§ **WHAT TO DO**
Reproduce the listing below word for word and exclude any picture.

§ **INFORMATION PROVIDED**
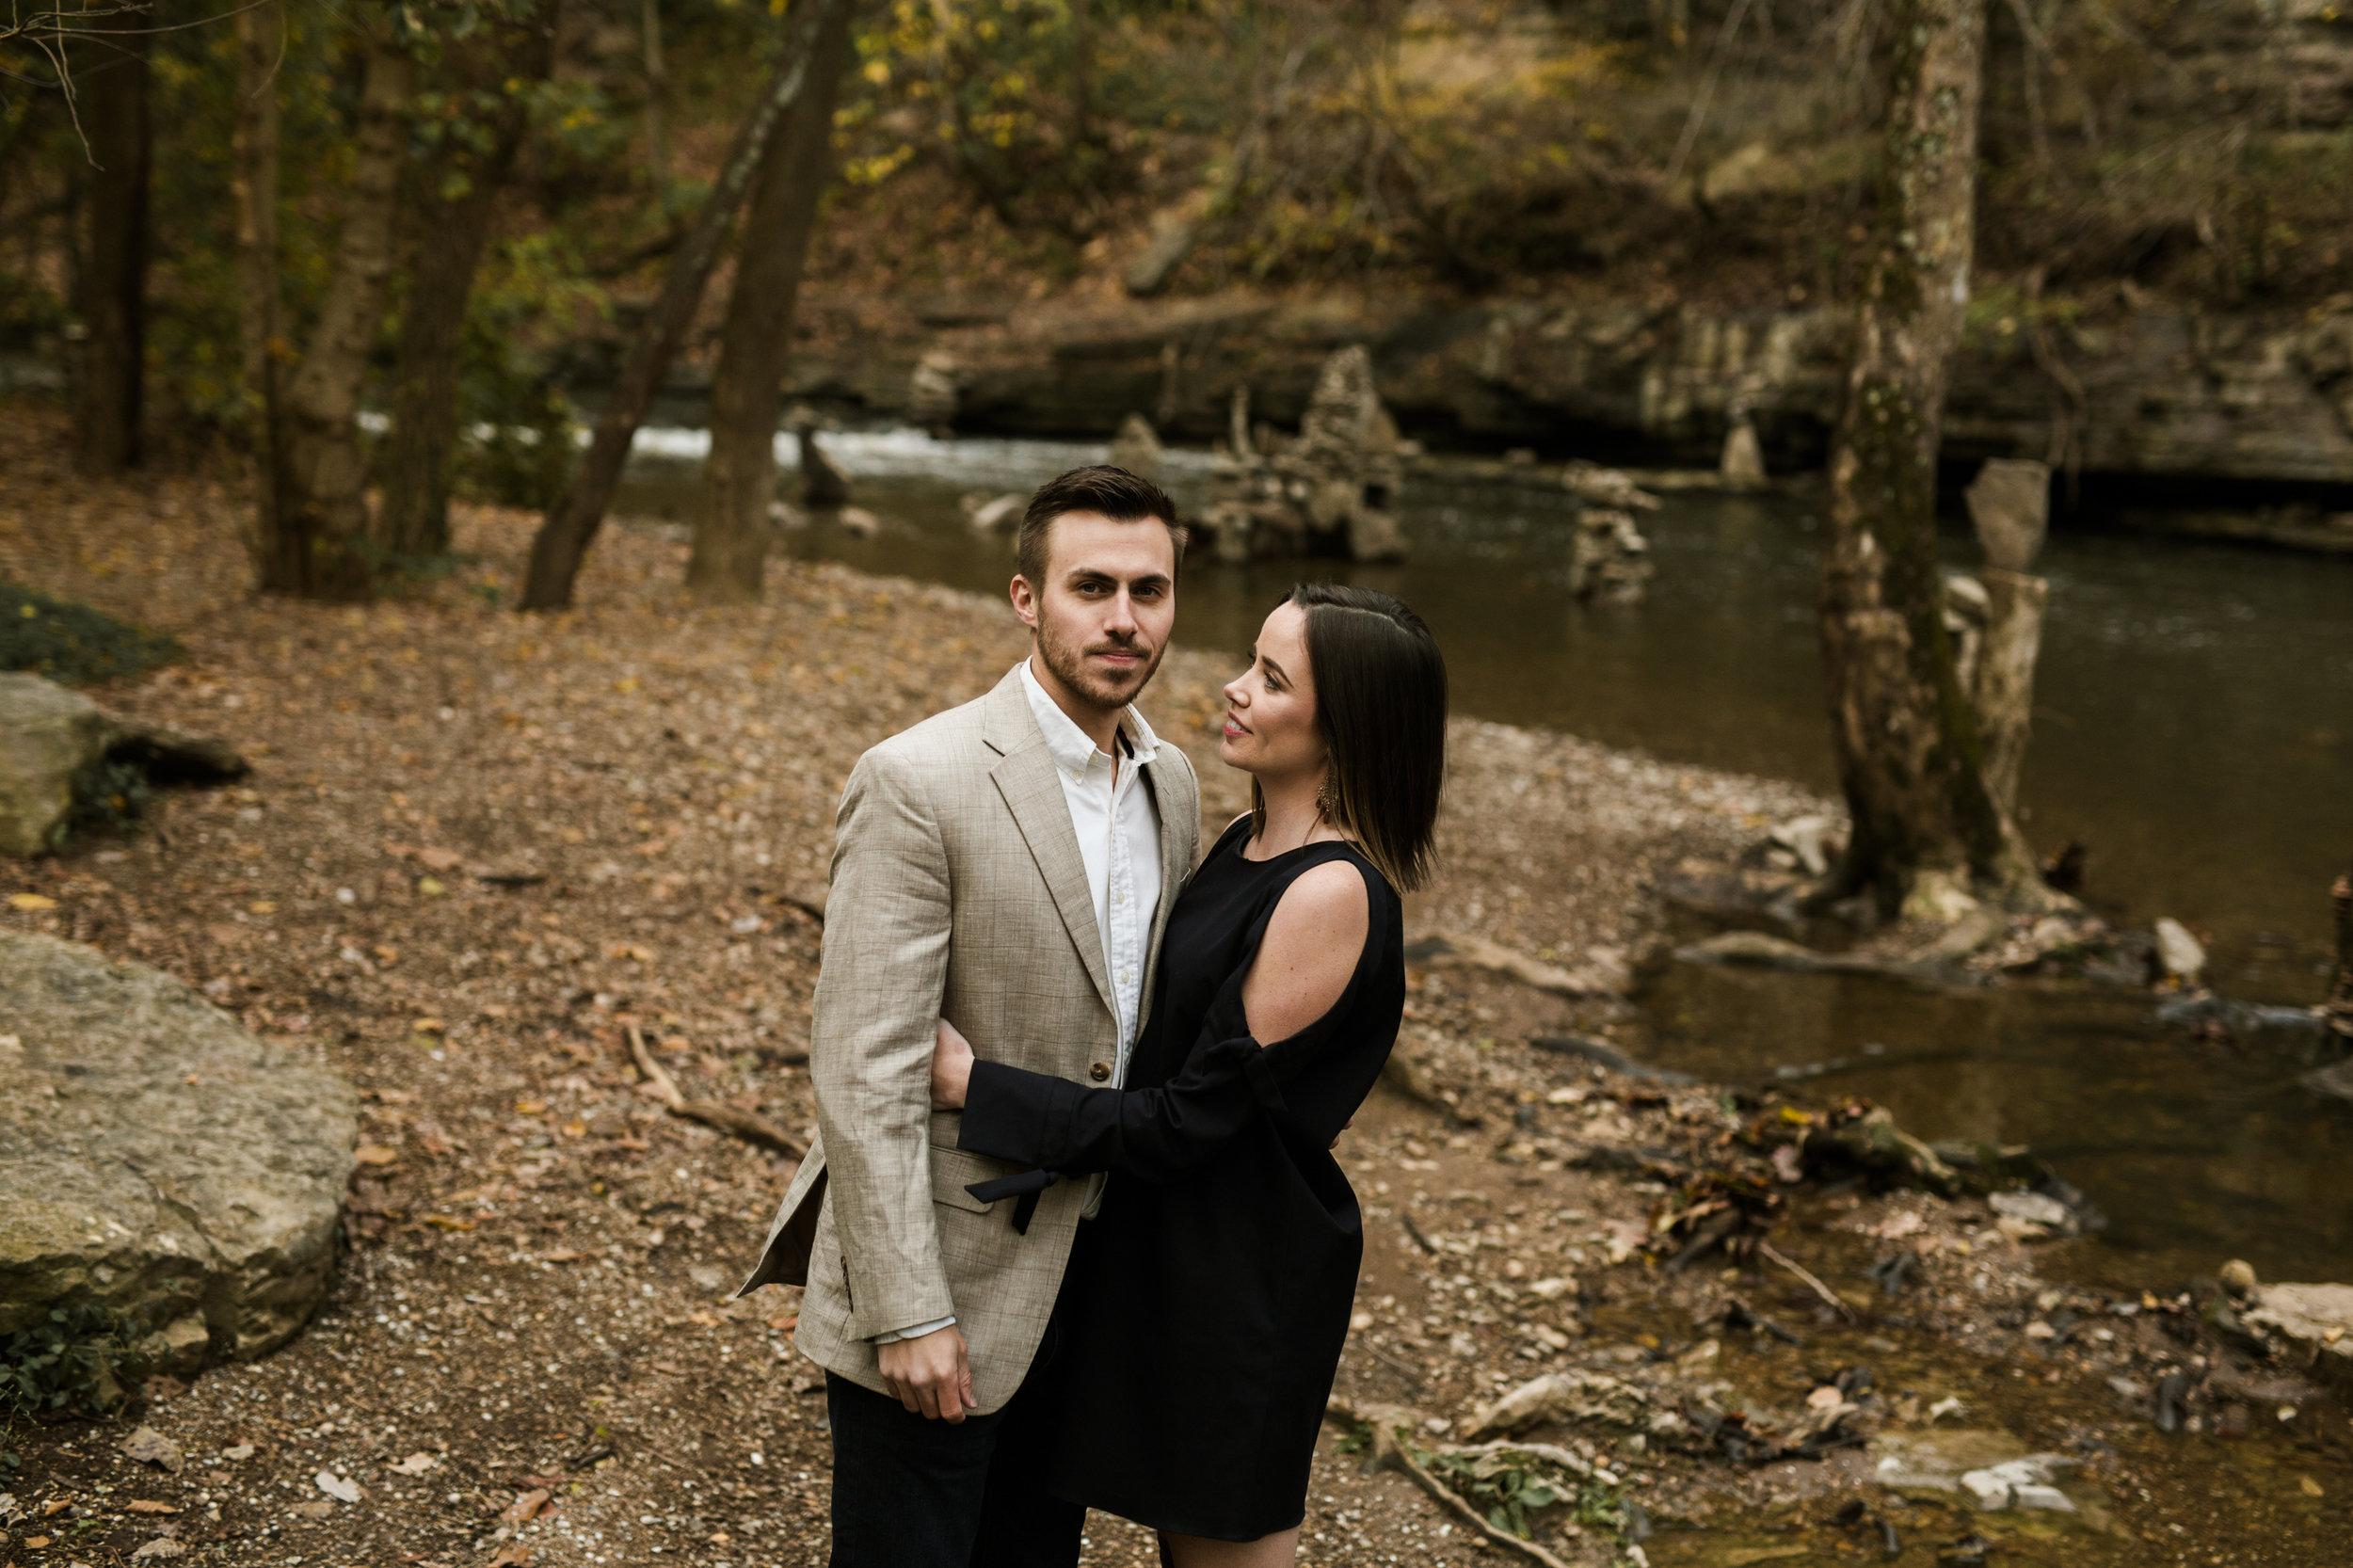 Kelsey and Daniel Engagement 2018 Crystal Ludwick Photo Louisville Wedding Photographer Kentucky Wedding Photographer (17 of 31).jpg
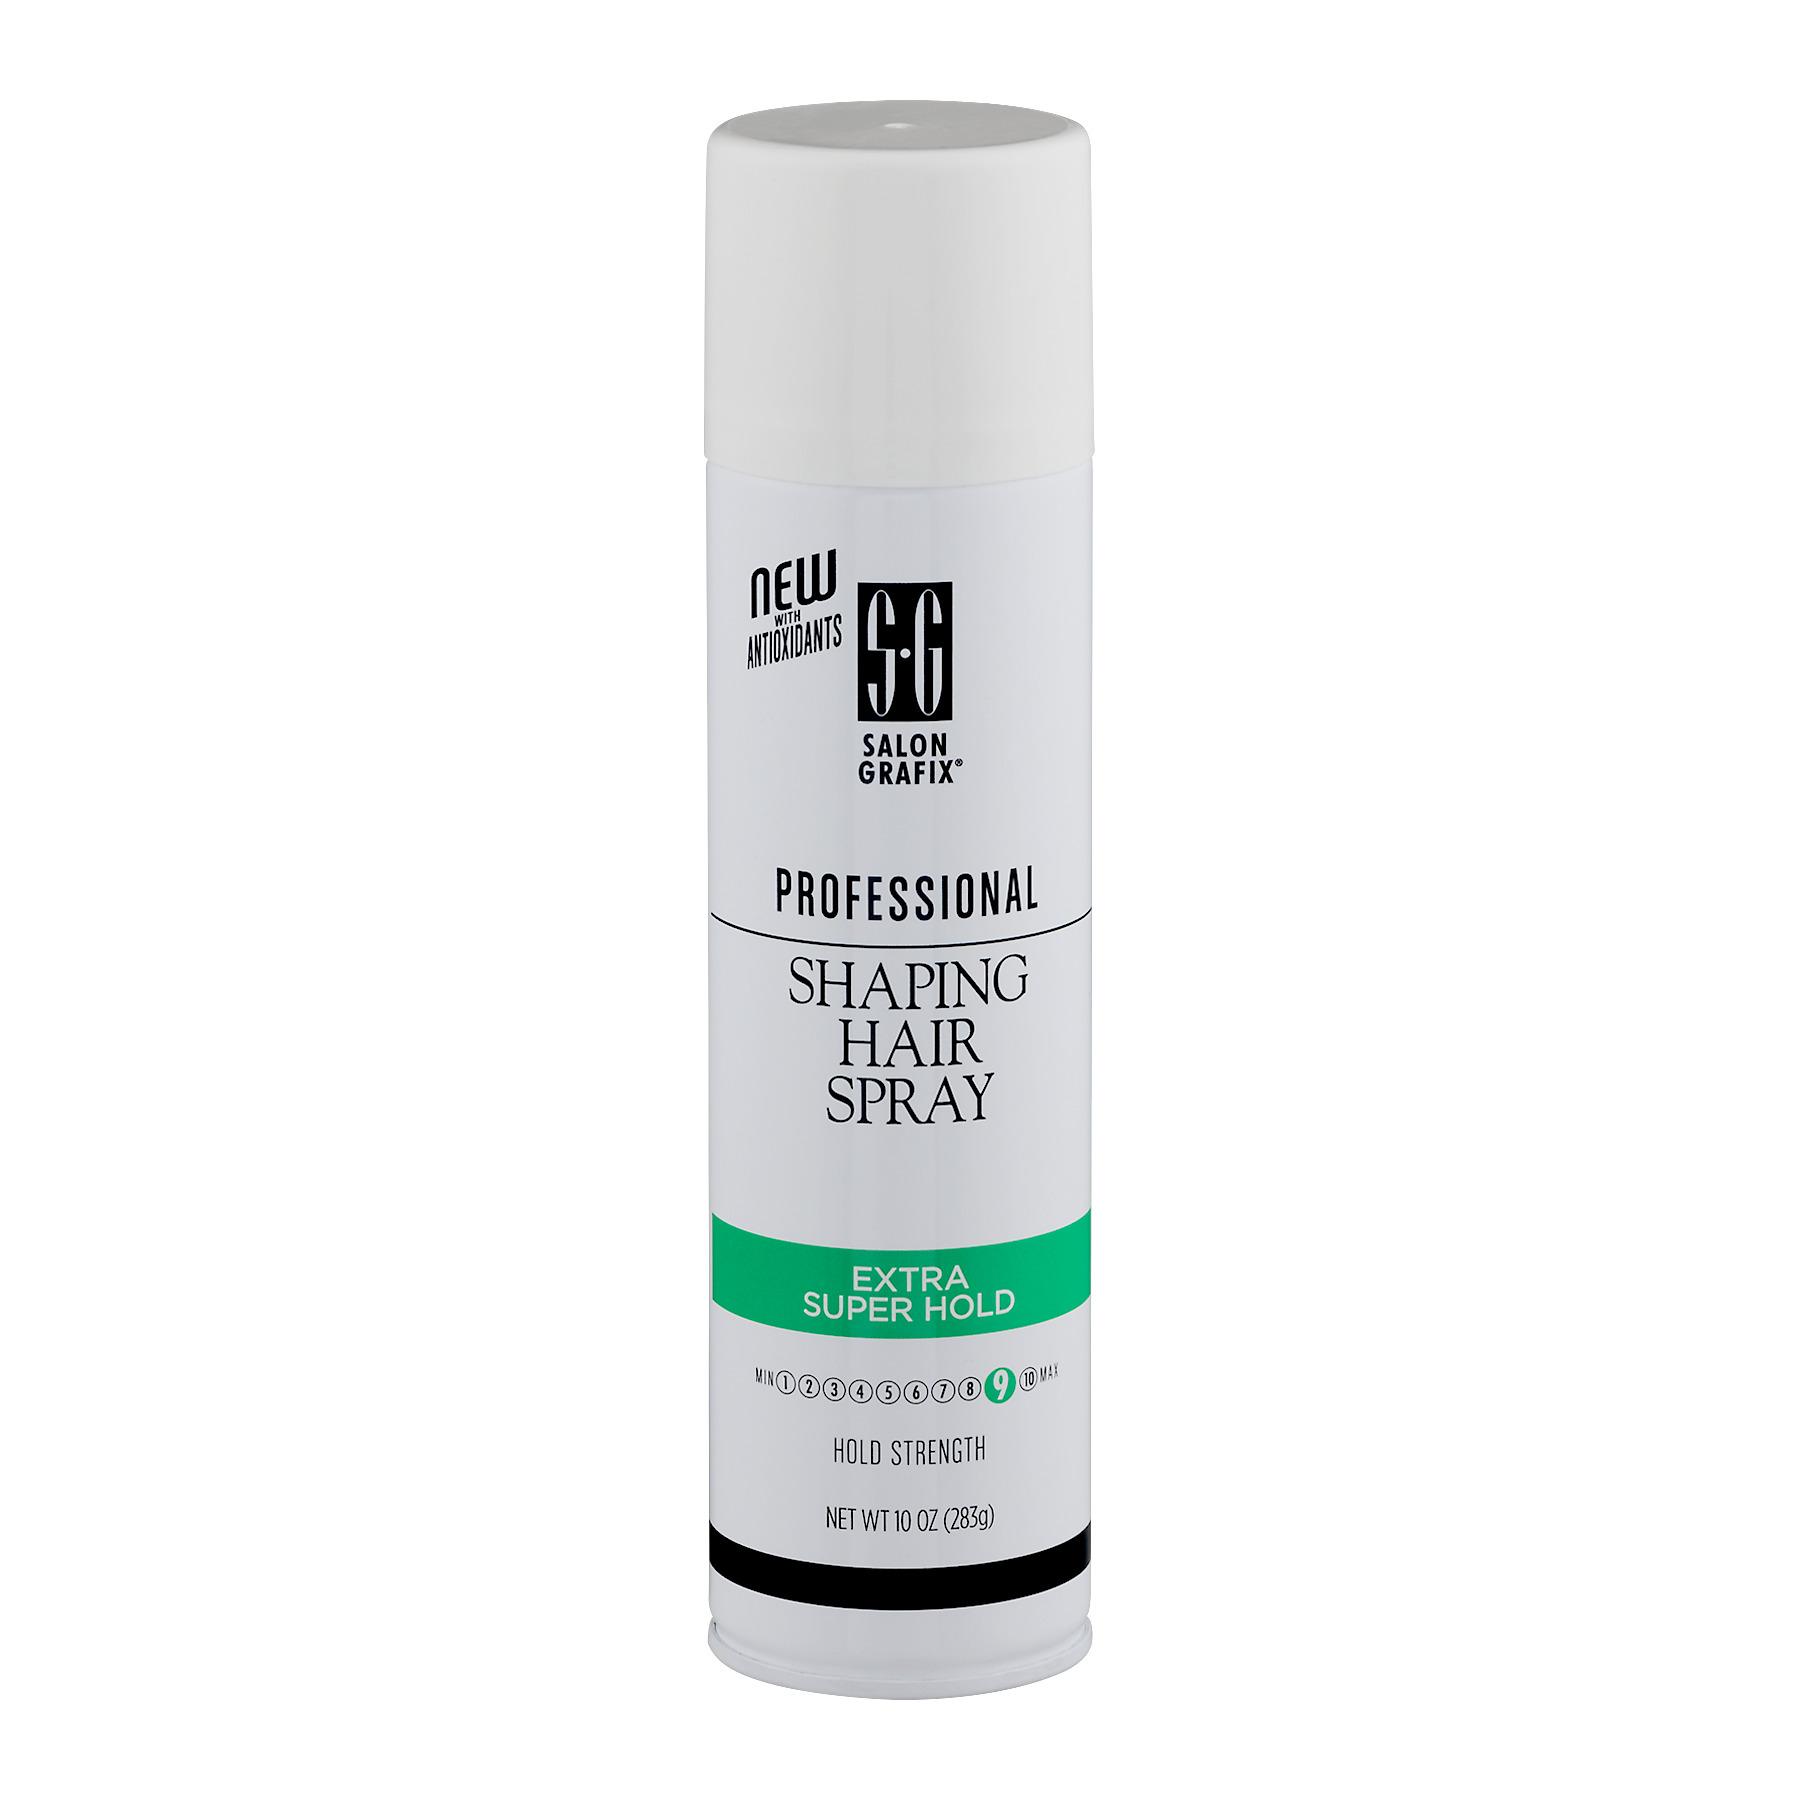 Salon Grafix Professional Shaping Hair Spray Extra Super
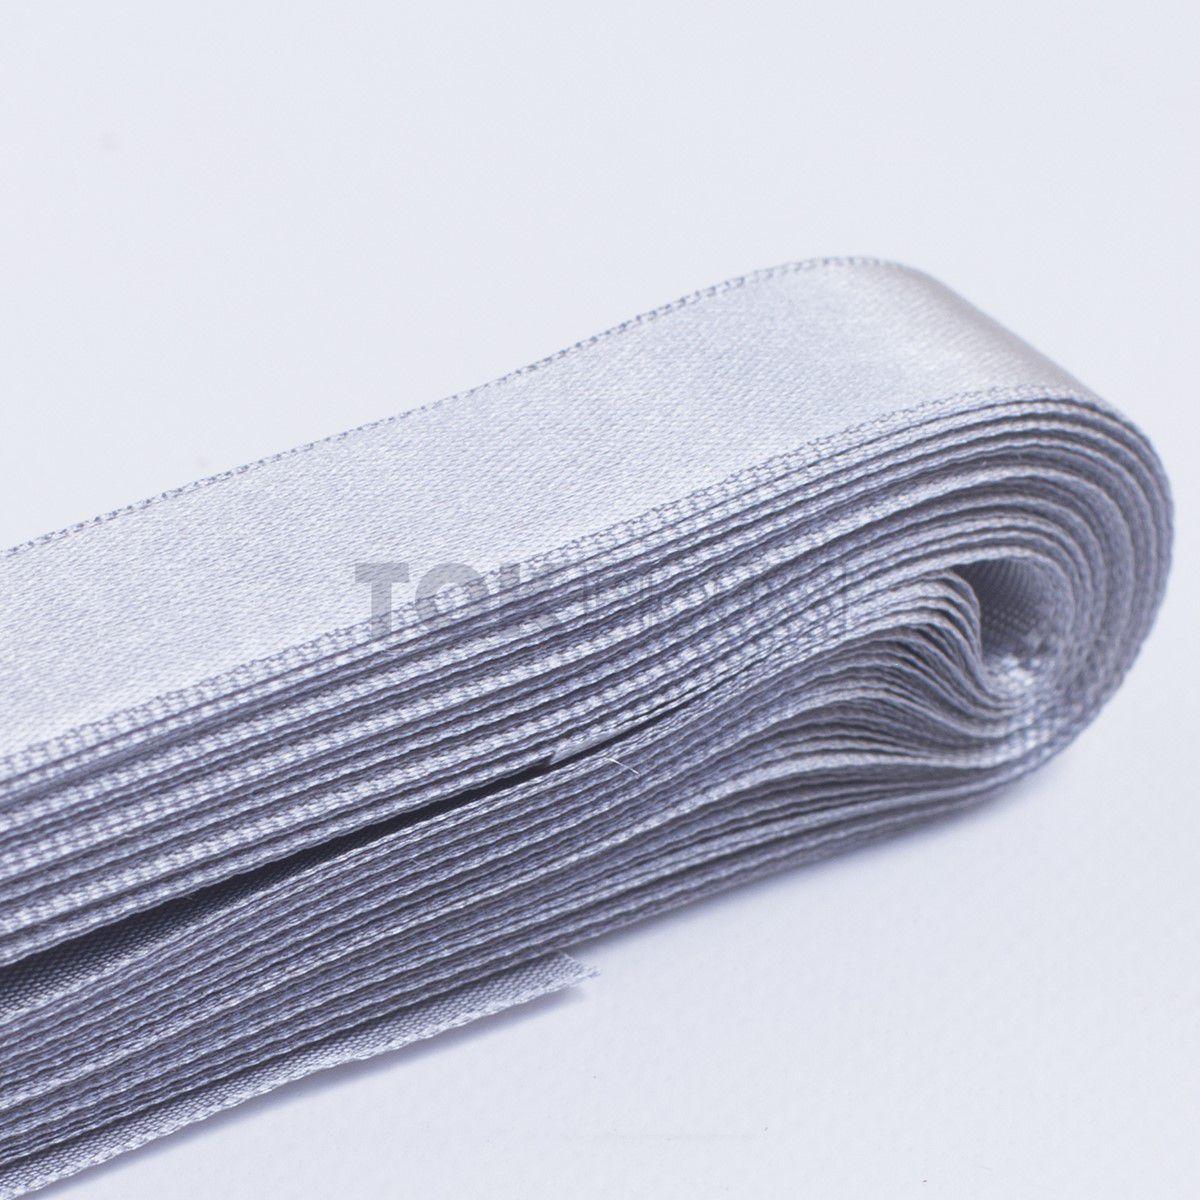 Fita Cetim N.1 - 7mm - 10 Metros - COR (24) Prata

§ **SOLUTION FOR THIS PROBLEM**
 Kelsey and Daniel Engagement 2018 Crystal Ludwick Photo Louisville Wedding Photographer Kentucky Wedding Photographer (17 of 31).jpg
 Salon Grafix Professional Shaping Hair Spray Extra Super
 Fita Cetim N.1 - 7mm - 10 Metros - COR (24) Prata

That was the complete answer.